I do a podcast which has had 40 million+ downloads. You should subscribe on Apple Podcasts or Spotify.

This week’s upcoming episodes:

Monday.
Nick Maggiulli – a breakdown of data-driven insights which explain the best ways to become wealthy. Saving, earning, investing, spending, mindset around money. This is a must listen.

Thursday.
General Robert Spalding – China’s plan for global domination was written in a secret playbook by two Chinese Colonels in 1999. Going back through it in 2022 with the General is fascinating and terrifying.

Saturday.
Dr Christian Busch – the science of luck and how to create it in your life.
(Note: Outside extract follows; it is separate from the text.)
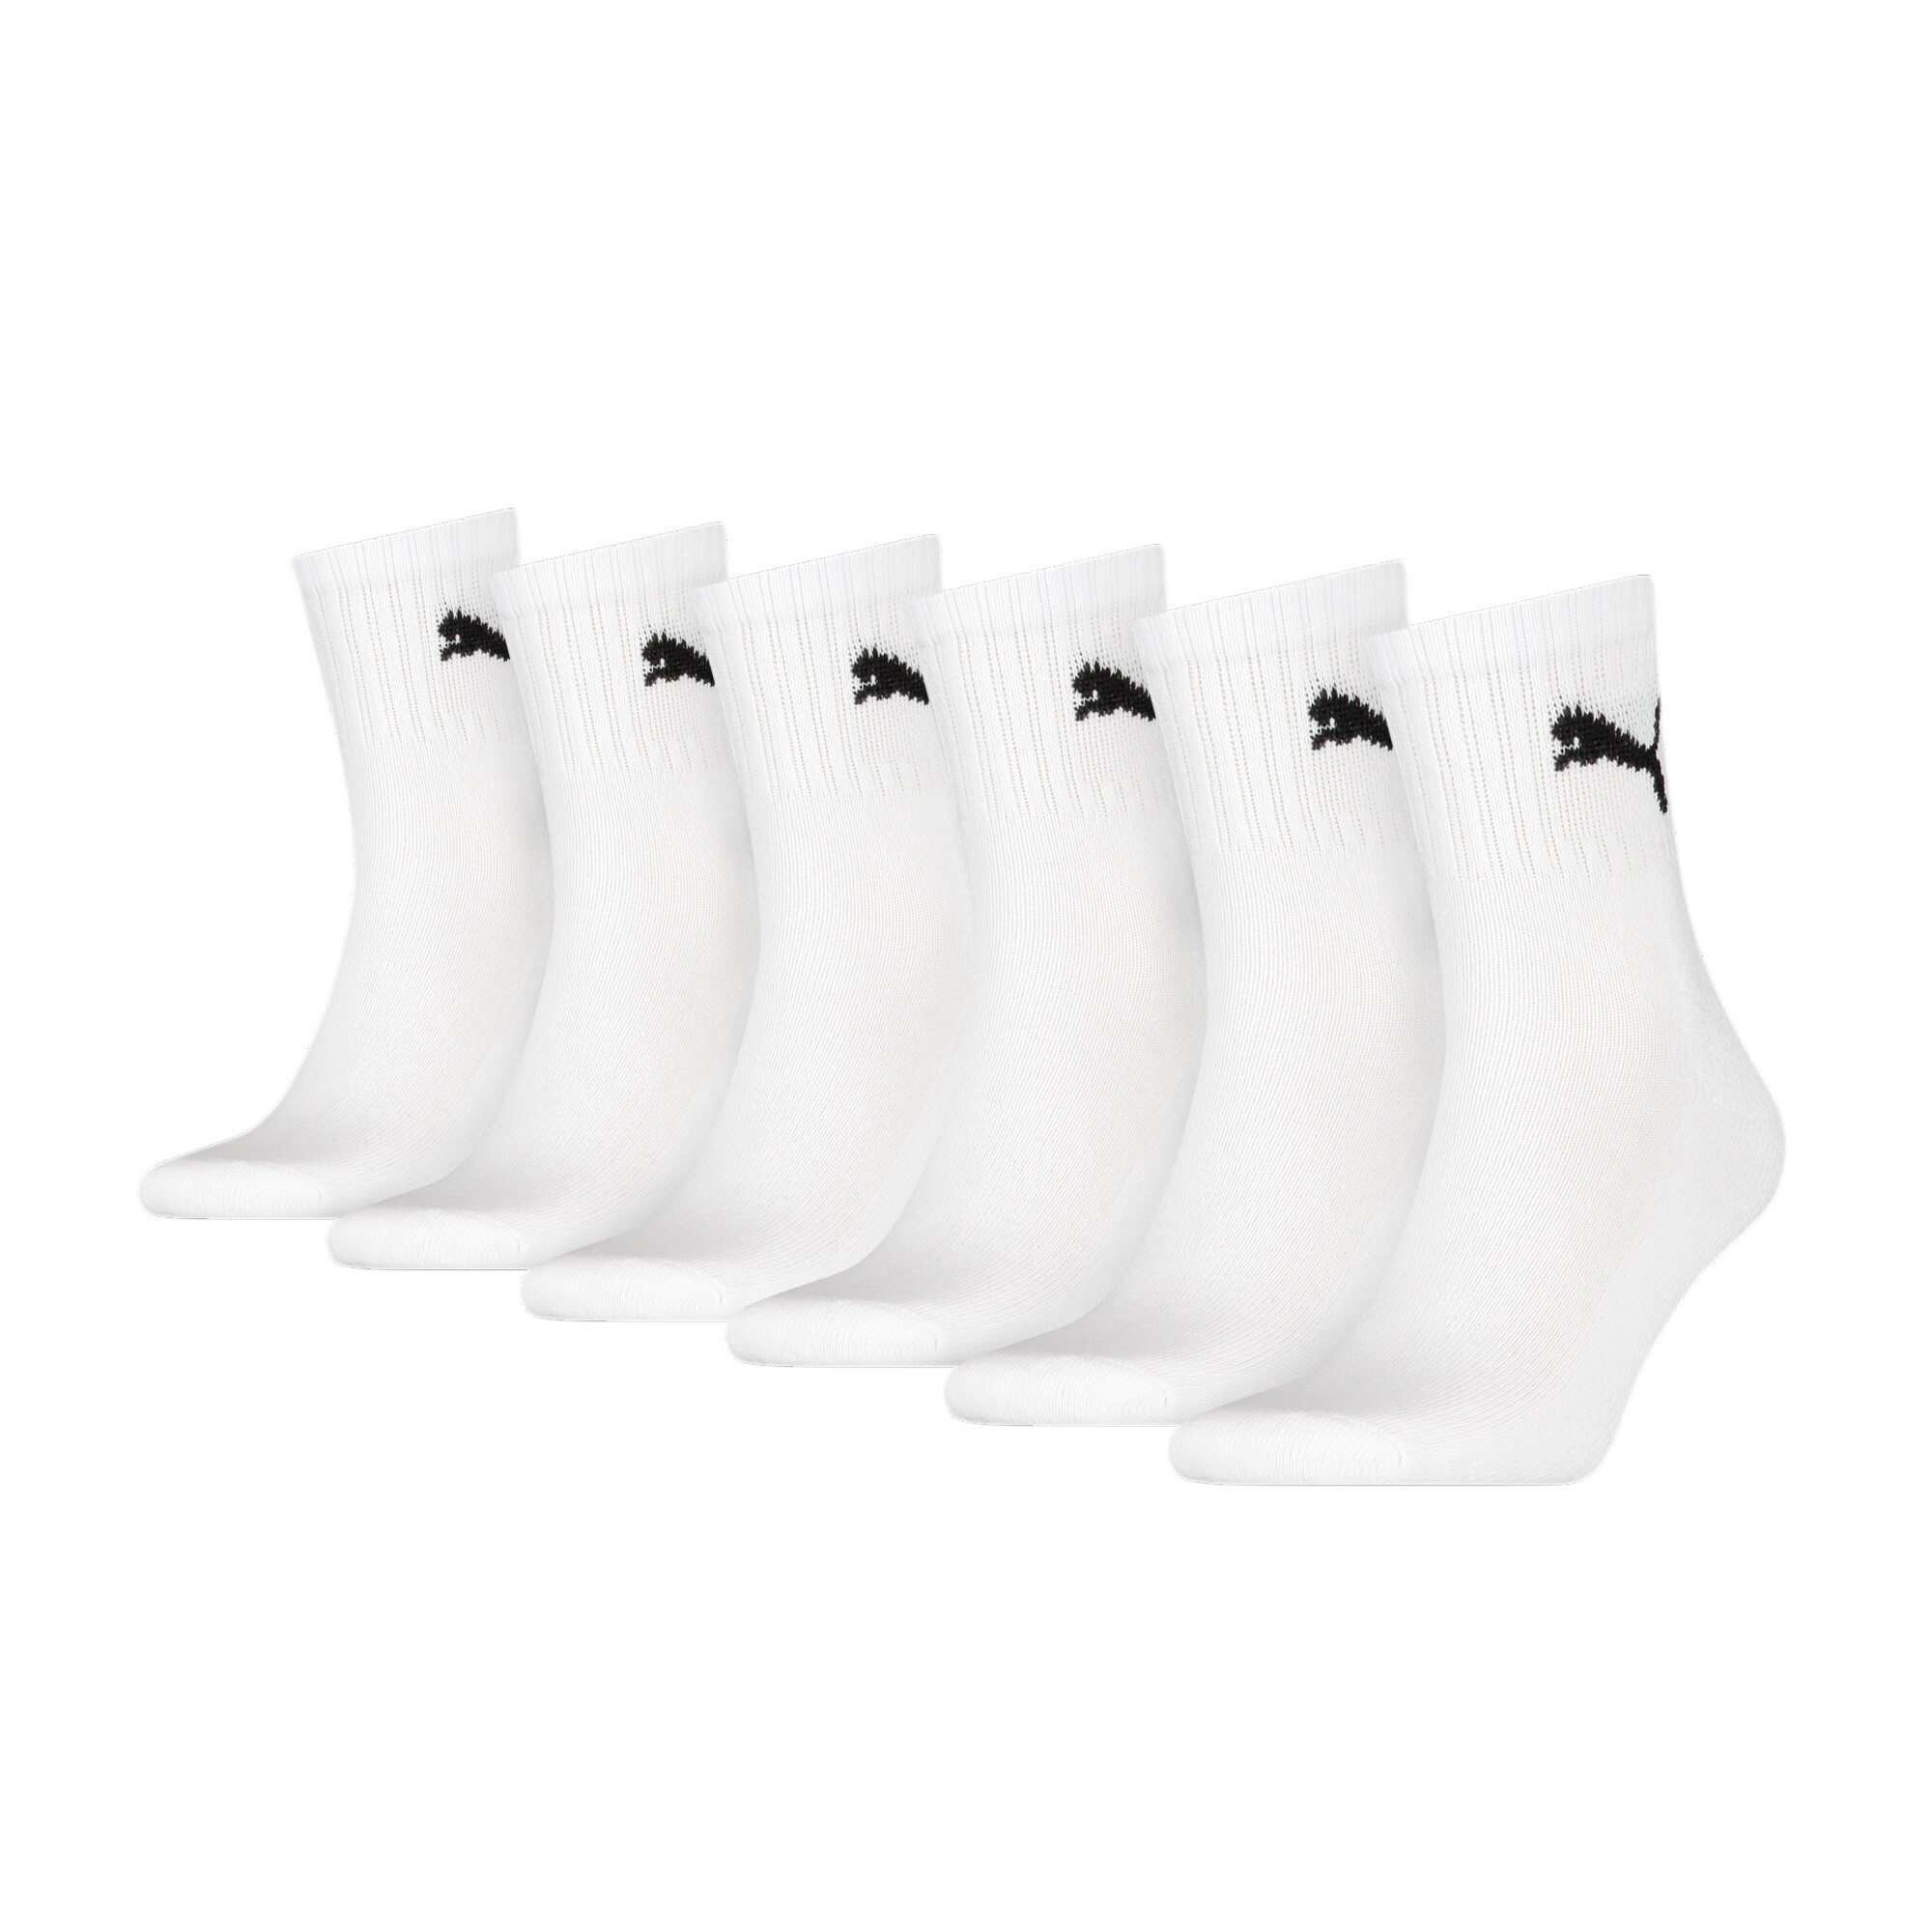 Puma Unisex Short Crew Shirt Socks 6 Pack, White, Size 43-46, Clothing

Dr Busch’s lab has identified the tactics and strategies of high-luck individuals so you can be lucky too.

THINGS I’VE LEARNED

1.
Handgrip strength is a pulling tactic.

Among men, stronger handgrip strength is correlated with having more total sexual partners and an earlier onset of sexual behaviour

“Handgrip strength in males is an indicator of selection for overall physical strength among males.”

h/t Rob Henderson

2.
Fish are sometimes not fish.

What we call fish are actually several distinct groups of animals only very distantly related to each other.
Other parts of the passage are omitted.